▶ [Action item]:
Every line of the records below from the line with "Neurologie Pflege mündliche" up to and including the line with "SAMURAI Slim iPhone case" must be reproduced exactly, and no line outside that range.
START Data for analysis
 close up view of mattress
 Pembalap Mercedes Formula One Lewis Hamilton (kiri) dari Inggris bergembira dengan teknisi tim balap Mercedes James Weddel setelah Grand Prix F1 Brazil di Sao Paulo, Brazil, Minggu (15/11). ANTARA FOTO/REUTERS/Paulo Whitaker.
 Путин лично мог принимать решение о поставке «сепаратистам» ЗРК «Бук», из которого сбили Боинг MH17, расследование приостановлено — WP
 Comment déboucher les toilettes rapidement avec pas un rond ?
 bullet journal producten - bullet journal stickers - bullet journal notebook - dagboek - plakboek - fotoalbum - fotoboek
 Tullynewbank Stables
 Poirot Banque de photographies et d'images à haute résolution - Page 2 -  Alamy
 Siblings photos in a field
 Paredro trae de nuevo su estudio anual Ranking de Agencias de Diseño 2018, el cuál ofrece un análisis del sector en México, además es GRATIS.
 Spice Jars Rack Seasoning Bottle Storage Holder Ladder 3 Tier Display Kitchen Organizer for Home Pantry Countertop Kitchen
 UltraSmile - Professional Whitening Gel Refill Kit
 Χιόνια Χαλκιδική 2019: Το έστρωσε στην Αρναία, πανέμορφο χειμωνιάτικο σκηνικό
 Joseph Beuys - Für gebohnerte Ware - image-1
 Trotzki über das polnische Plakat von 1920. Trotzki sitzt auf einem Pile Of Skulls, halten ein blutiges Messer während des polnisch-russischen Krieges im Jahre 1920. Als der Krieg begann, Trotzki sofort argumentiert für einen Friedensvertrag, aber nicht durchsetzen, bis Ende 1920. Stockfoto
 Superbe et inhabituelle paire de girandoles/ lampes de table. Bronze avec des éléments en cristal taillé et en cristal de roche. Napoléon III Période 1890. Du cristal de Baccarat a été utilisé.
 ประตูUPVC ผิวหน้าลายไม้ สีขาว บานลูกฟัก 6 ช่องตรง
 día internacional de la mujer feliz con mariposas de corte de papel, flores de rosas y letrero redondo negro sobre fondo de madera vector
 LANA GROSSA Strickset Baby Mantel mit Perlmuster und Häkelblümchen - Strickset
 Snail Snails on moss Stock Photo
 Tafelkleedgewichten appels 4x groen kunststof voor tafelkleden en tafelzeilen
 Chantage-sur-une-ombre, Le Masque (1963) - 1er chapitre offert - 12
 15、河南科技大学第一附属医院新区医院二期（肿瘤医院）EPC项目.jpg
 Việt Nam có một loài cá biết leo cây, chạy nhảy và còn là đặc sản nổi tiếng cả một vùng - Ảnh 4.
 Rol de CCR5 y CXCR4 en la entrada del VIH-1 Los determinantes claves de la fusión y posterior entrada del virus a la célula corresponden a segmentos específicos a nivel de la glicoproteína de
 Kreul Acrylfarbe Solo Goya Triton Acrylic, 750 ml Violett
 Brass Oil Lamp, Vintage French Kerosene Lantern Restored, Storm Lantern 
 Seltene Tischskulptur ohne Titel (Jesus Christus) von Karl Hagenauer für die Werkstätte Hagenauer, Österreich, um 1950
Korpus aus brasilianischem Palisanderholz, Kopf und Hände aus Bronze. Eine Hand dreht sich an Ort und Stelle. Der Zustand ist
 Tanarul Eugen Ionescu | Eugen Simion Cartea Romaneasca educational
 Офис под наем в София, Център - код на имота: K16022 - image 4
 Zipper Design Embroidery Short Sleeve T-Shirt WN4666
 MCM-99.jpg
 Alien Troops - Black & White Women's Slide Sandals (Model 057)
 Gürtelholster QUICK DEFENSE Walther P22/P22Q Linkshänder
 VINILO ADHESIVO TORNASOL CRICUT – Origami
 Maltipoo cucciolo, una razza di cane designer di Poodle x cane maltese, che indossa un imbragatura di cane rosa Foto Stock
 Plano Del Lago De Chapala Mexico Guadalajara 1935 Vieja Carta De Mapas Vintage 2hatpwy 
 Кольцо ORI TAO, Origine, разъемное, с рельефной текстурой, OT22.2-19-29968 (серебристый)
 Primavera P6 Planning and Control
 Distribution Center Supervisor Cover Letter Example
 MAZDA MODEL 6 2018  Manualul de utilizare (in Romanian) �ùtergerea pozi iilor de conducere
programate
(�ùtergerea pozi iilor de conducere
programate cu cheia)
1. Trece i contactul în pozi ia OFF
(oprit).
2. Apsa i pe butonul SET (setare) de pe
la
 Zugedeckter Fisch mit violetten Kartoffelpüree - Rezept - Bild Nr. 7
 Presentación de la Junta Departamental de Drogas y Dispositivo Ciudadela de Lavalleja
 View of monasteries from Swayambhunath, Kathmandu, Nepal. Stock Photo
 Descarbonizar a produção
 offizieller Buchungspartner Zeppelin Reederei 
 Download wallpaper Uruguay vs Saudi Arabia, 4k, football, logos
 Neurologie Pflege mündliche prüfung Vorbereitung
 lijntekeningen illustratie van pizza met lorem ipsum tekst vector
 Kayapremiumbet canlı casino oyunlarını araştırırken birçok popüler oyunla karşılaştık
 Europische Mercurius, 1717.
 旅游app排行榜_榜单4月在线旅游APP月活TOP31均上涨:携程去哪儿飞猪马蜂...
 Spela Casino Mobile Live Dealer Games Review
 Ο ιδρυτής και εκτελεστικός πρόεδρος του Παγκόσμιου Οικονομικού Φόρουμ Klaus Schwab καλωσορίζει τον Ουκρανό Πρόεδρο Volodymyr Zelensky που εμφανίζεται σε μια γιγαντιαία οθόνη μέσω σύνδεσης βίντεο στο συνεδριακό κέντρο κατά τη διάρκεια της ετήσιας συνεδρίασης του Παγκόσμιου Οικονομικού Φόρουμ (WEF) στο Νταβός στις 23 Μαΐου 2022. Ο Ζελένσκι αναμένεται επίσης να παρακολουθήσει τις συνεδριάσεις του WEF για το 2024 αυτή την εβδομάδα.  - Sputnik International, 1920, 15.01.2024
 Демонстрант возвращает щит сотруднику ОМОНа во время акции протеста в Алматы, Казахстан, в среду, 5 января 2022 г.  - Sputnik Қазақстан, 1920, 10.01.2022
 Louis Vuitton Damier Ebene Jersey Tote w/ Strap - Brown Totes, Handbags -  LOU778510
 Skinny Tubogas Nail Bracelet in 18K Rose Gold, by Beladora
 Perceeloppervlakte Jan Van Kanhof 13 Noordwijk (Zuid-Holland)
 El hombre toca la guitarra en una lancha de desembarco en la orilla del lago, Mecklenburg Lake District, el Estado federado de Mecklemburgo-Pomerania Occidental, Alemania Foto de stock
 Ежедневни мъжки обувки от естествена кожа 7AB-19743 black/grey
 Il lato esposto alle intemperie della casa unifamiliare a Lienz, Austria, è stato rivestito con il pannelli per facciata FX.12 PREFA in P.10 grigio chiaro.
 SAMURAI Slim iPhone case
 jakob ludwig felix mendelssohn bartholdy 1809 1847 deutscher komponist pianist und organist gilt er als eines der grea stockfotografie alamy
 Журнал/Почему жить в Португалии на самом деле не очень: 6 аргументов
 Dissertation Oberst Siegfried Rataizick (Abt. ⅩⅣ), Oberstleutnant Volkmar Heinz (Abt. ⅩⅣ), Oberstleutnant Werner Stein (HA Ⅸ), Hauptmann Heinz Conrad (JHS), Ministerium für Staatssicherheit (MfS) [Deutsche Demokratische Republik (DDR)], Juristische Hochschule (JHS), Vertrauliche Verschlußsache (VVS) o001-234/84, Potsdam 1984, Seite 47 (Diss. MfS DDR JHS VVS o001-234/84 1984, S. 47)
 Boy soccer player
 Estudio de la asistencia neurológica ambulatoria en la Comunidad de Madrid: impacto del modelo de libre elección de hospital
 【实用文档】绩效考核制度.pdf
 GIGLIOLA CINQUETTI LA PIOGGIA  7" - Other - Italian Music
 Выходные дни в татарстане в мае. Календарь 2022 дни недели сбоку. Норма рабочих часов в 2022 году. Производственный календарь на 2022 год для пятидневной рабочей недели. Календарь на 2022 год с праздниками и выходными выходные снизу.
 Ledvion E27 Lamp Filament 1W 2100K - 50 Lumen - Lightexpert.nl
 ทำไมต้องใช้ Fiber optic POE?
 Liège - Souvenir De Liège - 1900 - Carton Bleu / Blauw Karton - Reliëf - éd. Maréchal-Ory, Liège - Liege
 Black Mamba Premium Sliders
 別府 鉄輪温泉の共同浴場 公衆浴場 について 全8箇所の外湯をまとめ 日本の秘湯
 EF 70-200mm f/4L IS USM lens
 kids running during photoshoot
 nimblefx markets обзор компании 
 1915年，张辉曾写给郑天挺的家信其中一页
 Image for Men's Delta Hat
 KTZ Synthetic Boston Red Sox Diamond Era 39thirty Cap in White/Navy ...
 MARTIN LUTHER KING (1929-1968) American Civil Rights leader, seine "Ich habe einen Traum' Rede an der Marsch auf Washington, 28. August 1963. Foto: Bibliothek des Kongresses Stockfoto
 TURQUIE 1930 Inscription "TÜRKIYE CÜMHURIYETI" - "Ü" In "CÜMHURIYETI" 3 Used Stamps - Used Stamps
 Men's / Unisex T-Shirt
END Data for analysis
▶ [Finished task]:
 Neurologie Pflege mündliche prüfung Vorbereitung
 lijntekeningen illustratie van pizza met lorem ipsum tekst vector
 Kayapremiumbet canlı casino oyunlarını araştırırken birçok popüler oyunla karşılaştık
 Europische Mercurius, 1717.
 旅游app排行榜_榜单4月在线旅游APP月活TOP31均上涨:携程去哪儿飞猪马蜂...
 Spela Casino Mobile Live Dealer Games Review
 Ο ιδρυτής και εκτελεστικός πρόεδρος του Παγκόσμιου Οικονομικού Φόρουμ Klaus Schwab καλωσορίζει τον Ουκρανό Πρόεδρο Volodymyr Zelensky που εμφανίζεται σε μια γιγαντιαία οθόνη μέσω σύνδεσης βίντεο στο συνεδριακό κέντρο κατά τη διάρκεια της ετήσιας συνεδρίασης του Παγκόσμιου Οικονομικού Φόρουμ (WEF) στο Νταβός στις 23 Μαΐου 2022. Ο Ζελένσκι αναμένεται επίσης να παρακολουθήσει τις συνεδριάσεις του WEF για το 2024 αυτή την εβδομάδα.  - Sputnik International, 1920, 15.01.2024
 Демонстрант возвращает щит сотруднику ОМОНа во время акции протеста в Алматы, Казахстан, в среду, 5 января 2022 г.  - Sputnik Қазақстан, 1920, 10.01.2022
 Louis Vuitton Damier Ebene Jersey Tote w/ Strap - Brown Totes, Handbags -  LOU778510
 Skinny Tubogas Nail Bracelet in 18K Rose Gold, by Beladora
 Perceeloppervlakte Jan Van Kanhof 13 Noordwijk (Zuid-Holland)
 El hombre toca la guitarra en una lancha de desembarco en la orilla del lago, Mecklenburg Lake District, el Estado federado de Mecklemburgo-Pomerania Occidental, Alemania Foto de stock
 Ежедневни мъжки обувки от естествена кожа 7AB-19743 black/grey
 Il lato esposto alle intemperie della casa unifamiliare a Lienz, Austria, è stato rivestito con il pannelli per facciata FX.12 PREFA in P.10 grigio chiaro.
 SAMURAI Slim iPhone case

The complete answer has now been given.